▶ What is expected
Reproduce exactly, and only, the lines of the material below running from the line bearing "Prada - Black" through the line bearing "Manufactured Housing Portfolio". Leave any pictures out.

**** Input data ****

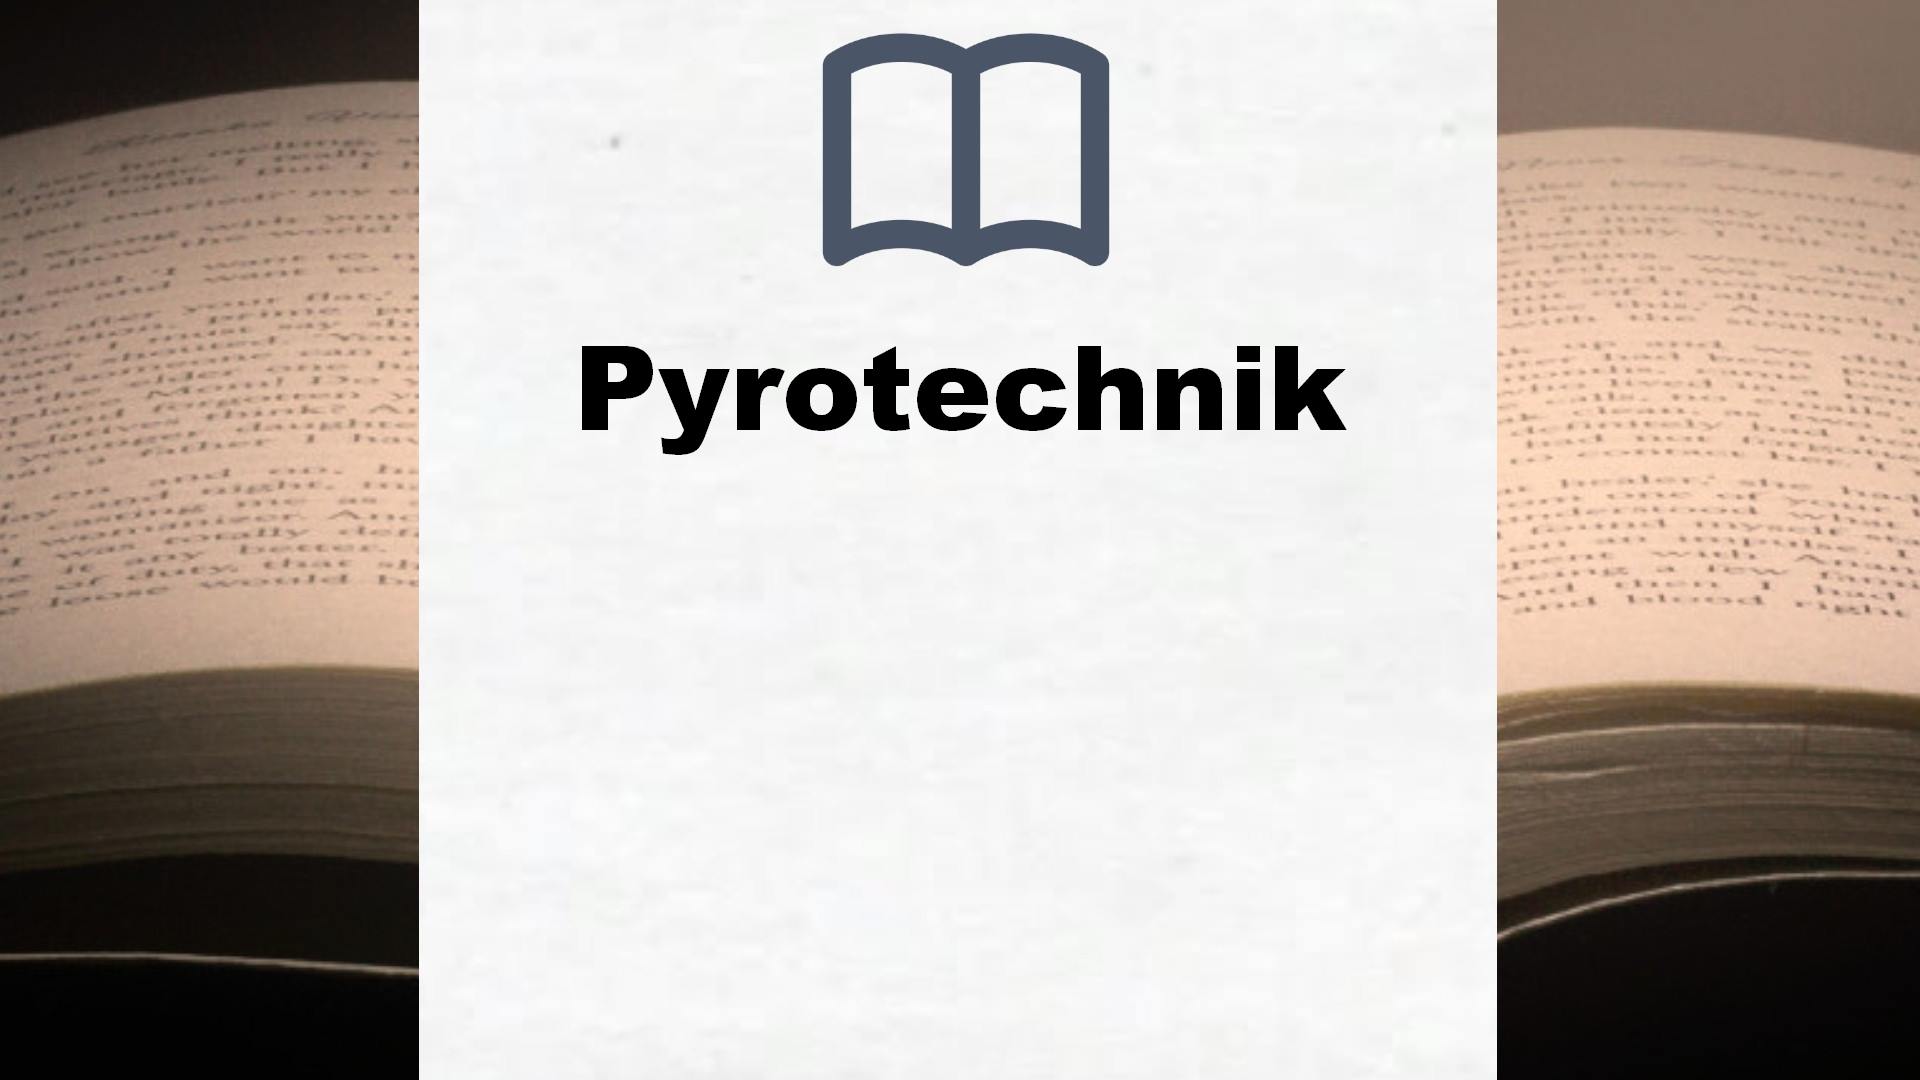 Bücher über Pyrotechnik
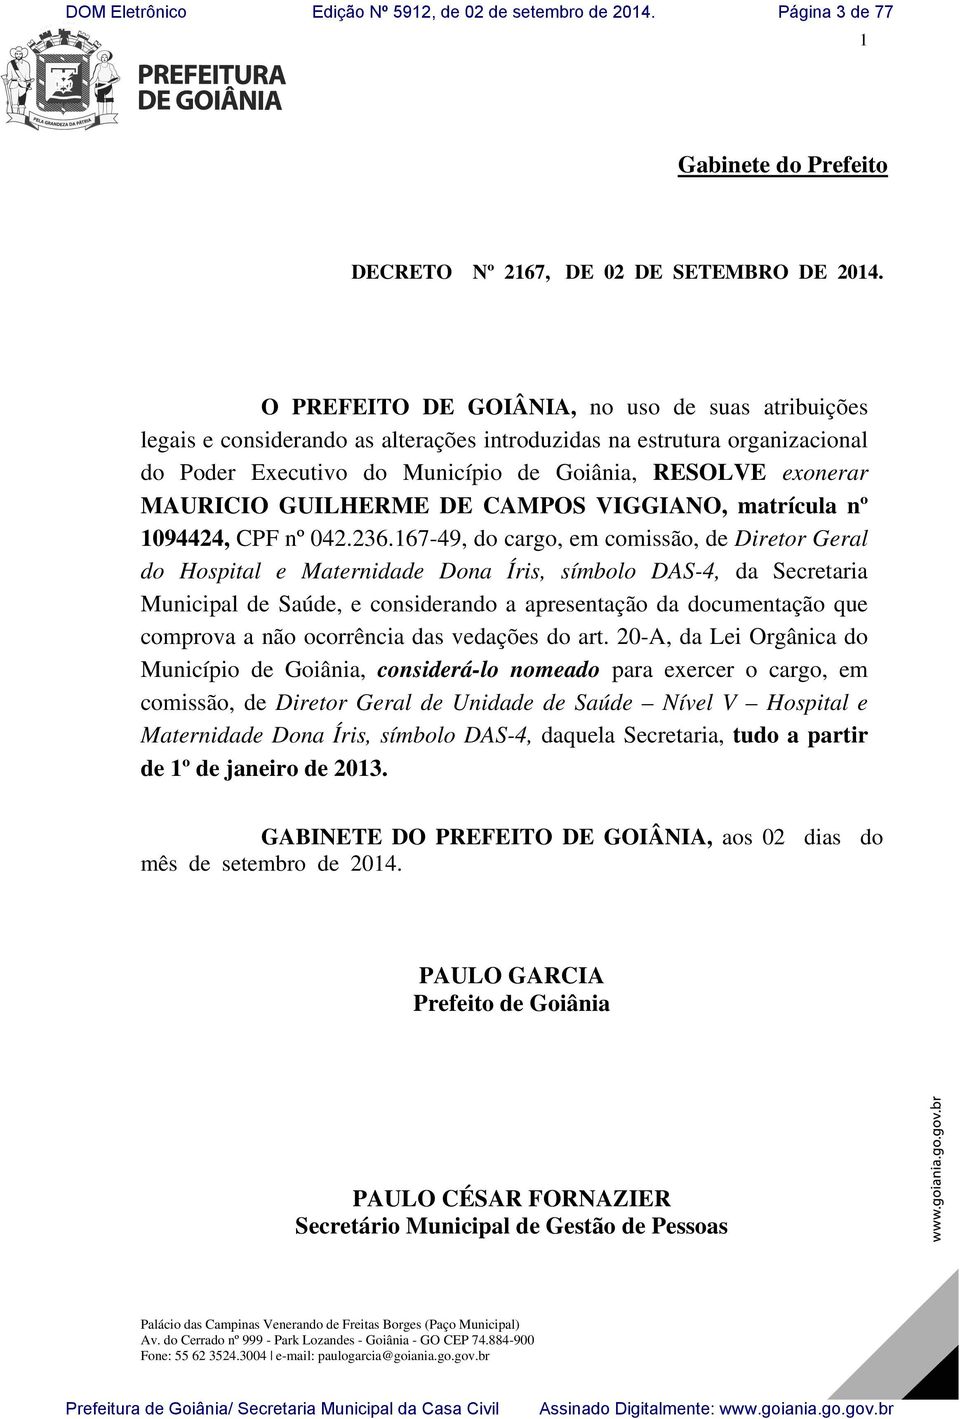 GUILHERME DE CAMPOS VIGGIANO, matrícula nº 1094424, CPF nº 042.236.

****
**** Input data ****

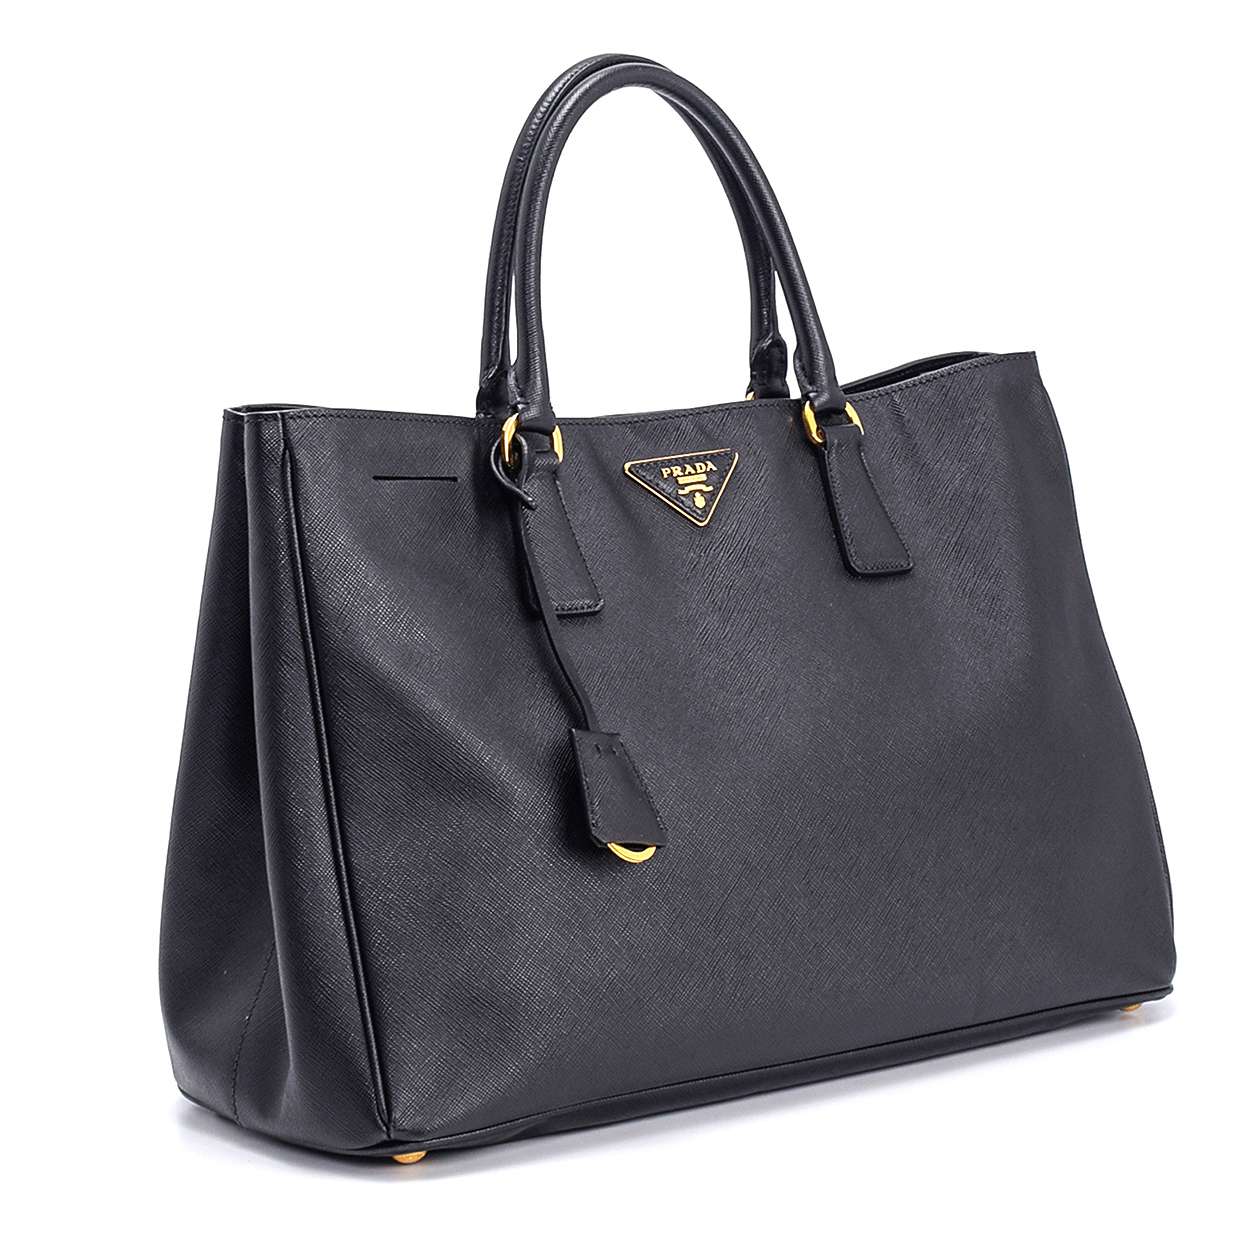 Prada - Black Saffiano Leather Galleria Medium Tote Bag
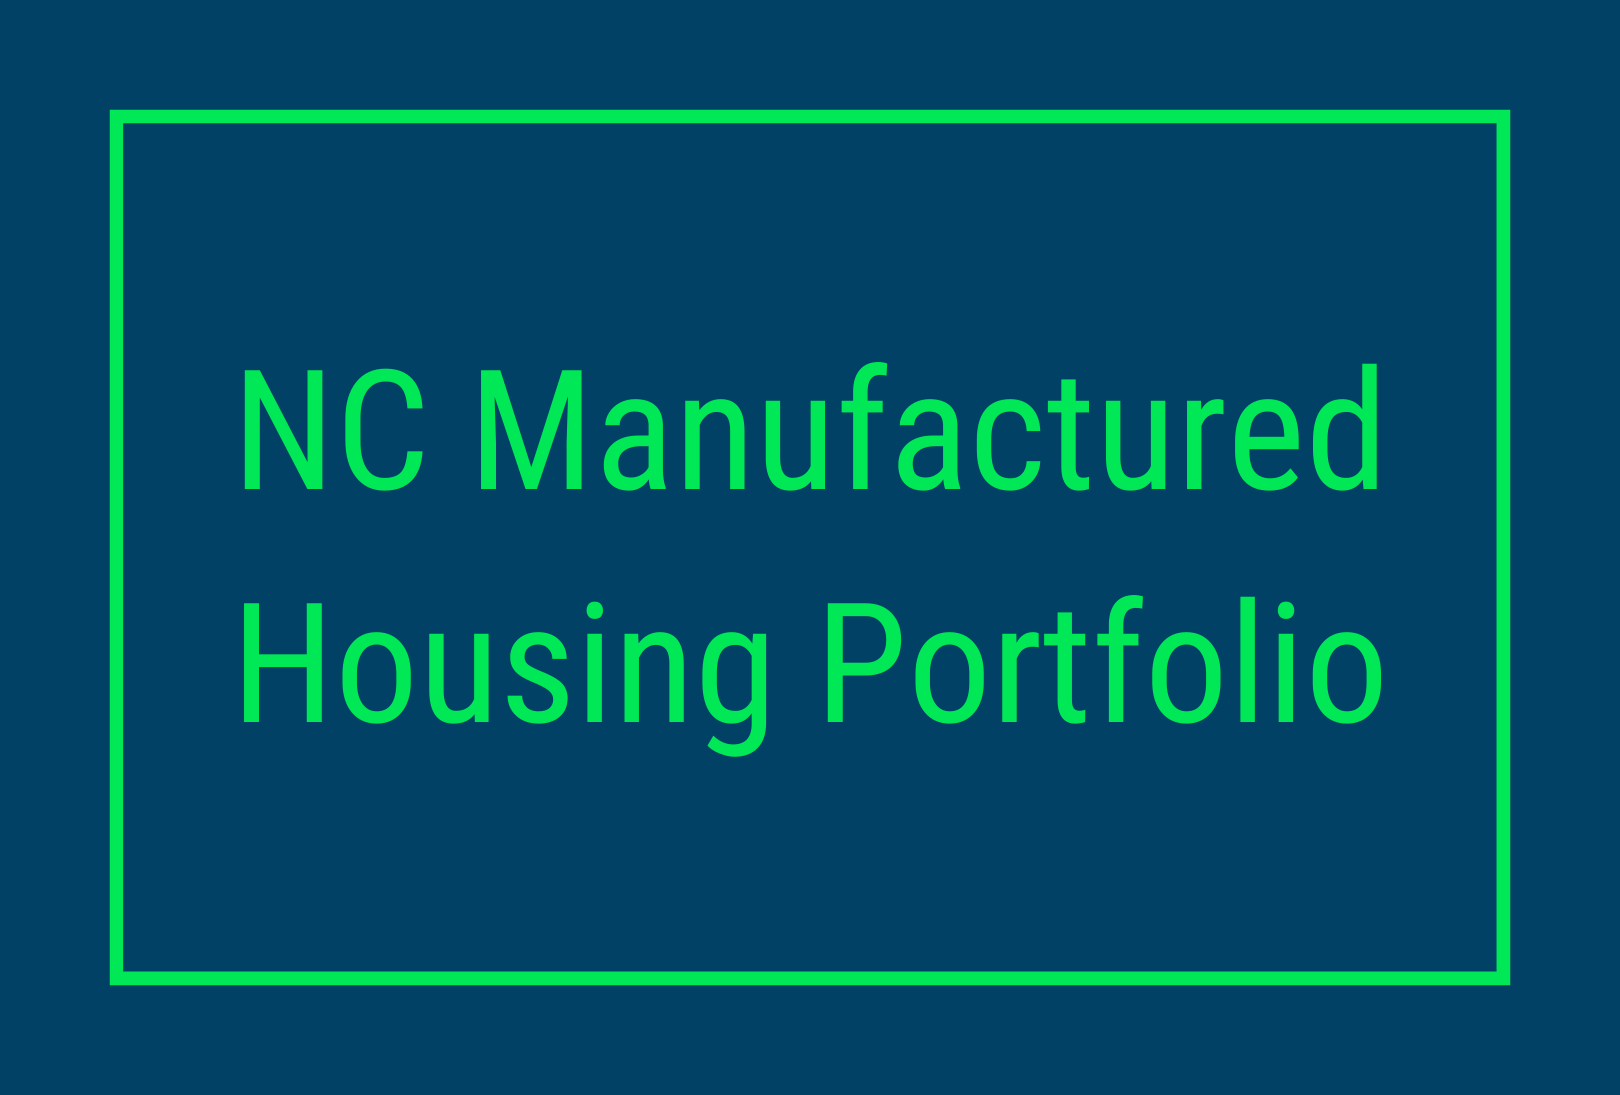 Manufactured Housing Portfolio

****

▶ Expected output
 Prada - Black Saffiano Leather Galleria Medium Tote Bag
 Manufactured Housing Portfolio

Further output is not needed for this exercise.